In the statement the ACCC said it was satisfied the acquisition could substantially lessen competition in the retail fuel petrol and diesel markets of several states.
"The acquisition would combine two major fuel retailers in Australia," ACCC commissioner Philip Williams said.
"We have identified 115 EG sites where the acquisition could substantially lessen competition in the relevant local market, and also consider the acquisition could substantially lessen competition in the metropolitan areas of Brisbane, Canberra, Melbourne and Sydney."
Under the current acquisition plan, Ampol had offered to divest 19 fuel stations; a move the ACCC labelled inadequate.

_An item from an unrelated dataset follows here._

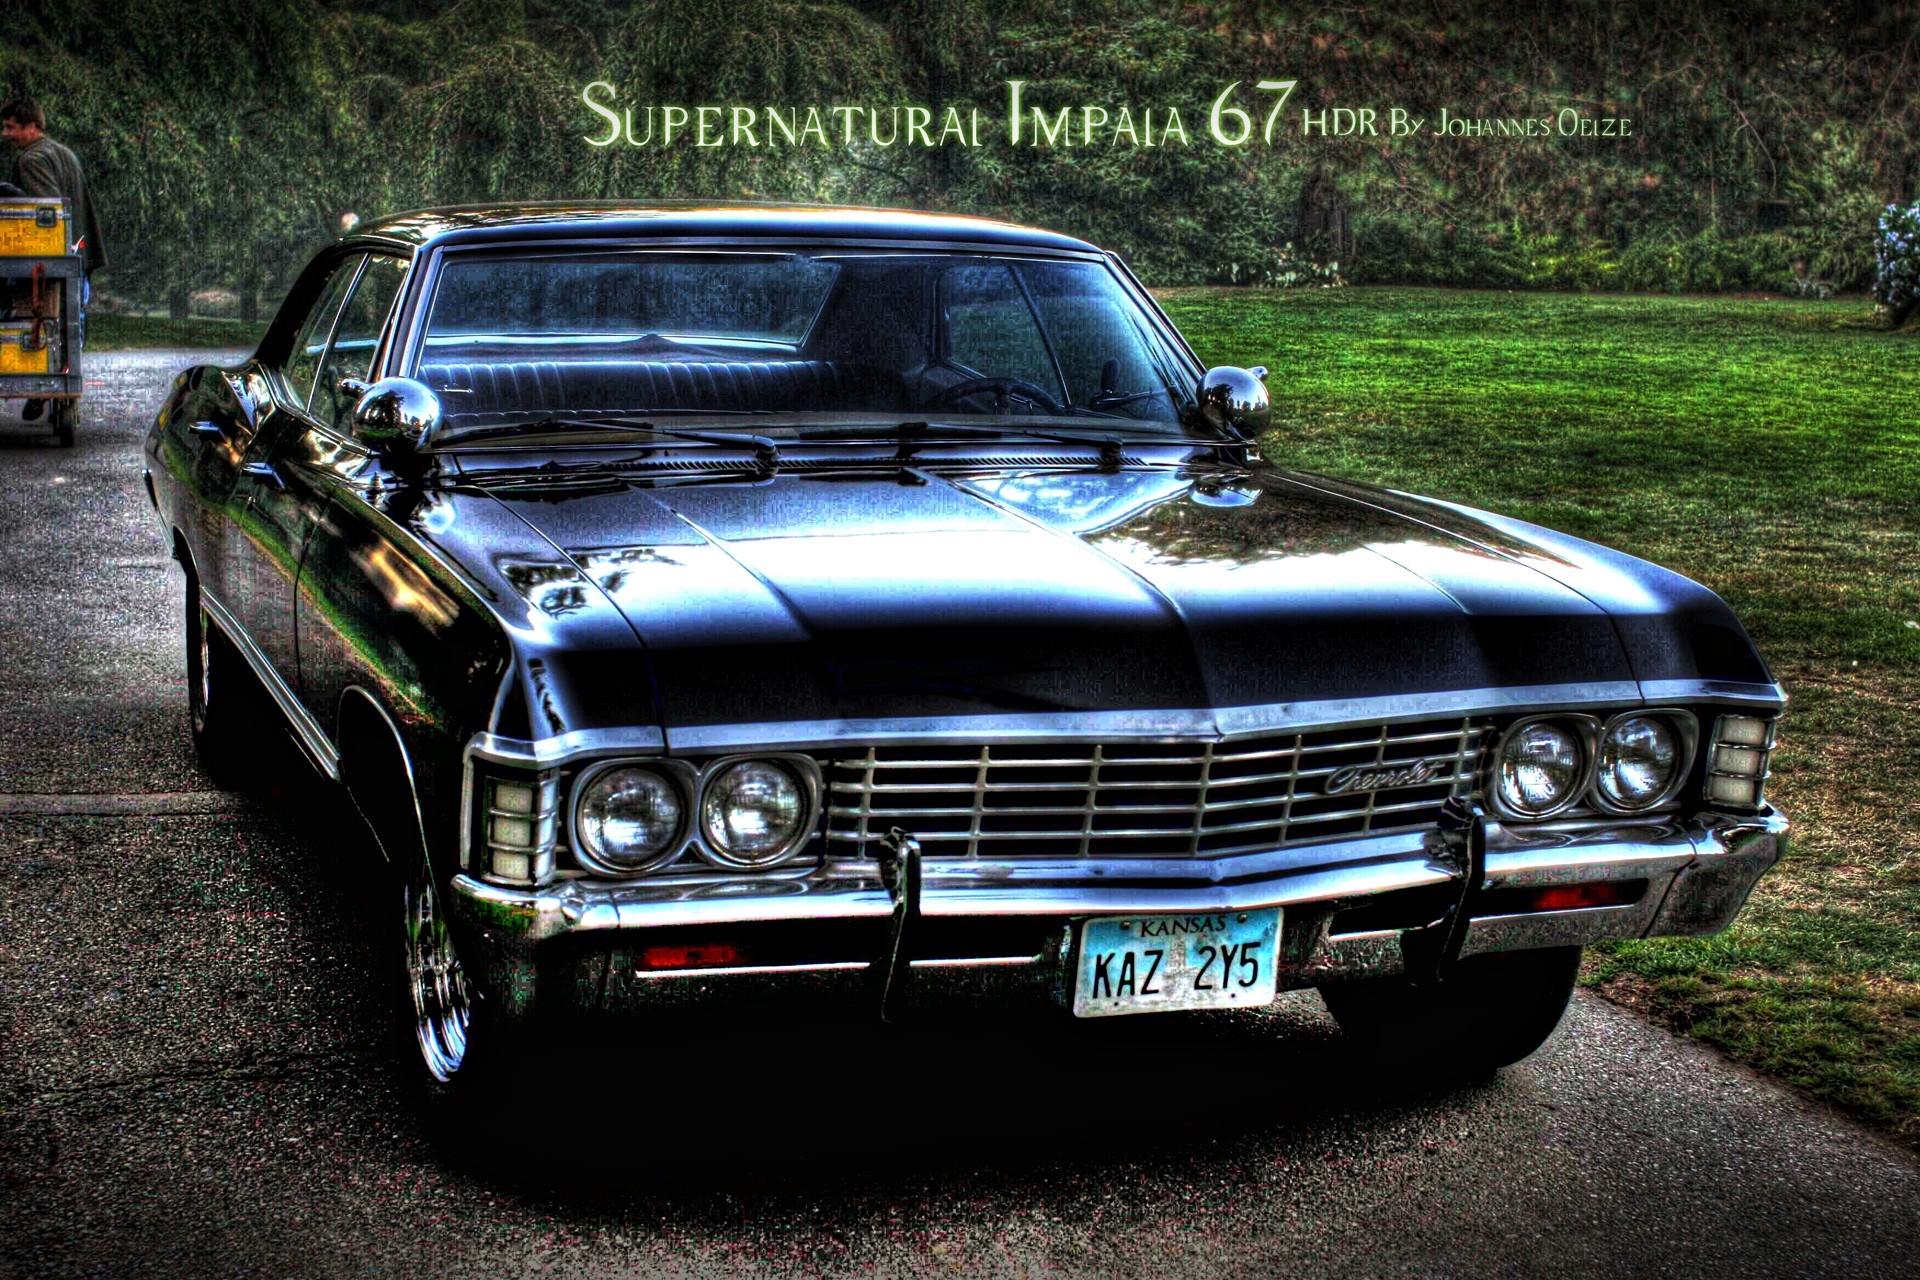 1967 Chevy Impala If Im going old school, this would be my car. Just like the one in Supernatural

The ACCC's decision comes despite the pair being in a supply partnership for the better half of a decade; with Ampol being the exclusive supplier to EG Australia's 500 sites, which are branded as 'EG Ampol'.
The $1.1b acquisition comes as EG Group looks to exit the Australian market, using the funds to decrease global debt according to Gilbert and Tobin's Peter Cook, who advised EG Group on the deal.
The funding structure comprises approximately $800 million in cash and $250 million in Ampol shares issued to EG Group.
In a statement following the ACCC's move, Ampol stressed the phase two review was now part of the process.
"Ampol remains confident in its position and will continue to work constructively with the ACCC during this phase," the statement said.
"The transaction remains on track for anticipated completion in mid-2026."
Submissions on the deal are now open until February 4, with a phase two assessment taking up to 90 business days, unless extended under specific circumstances.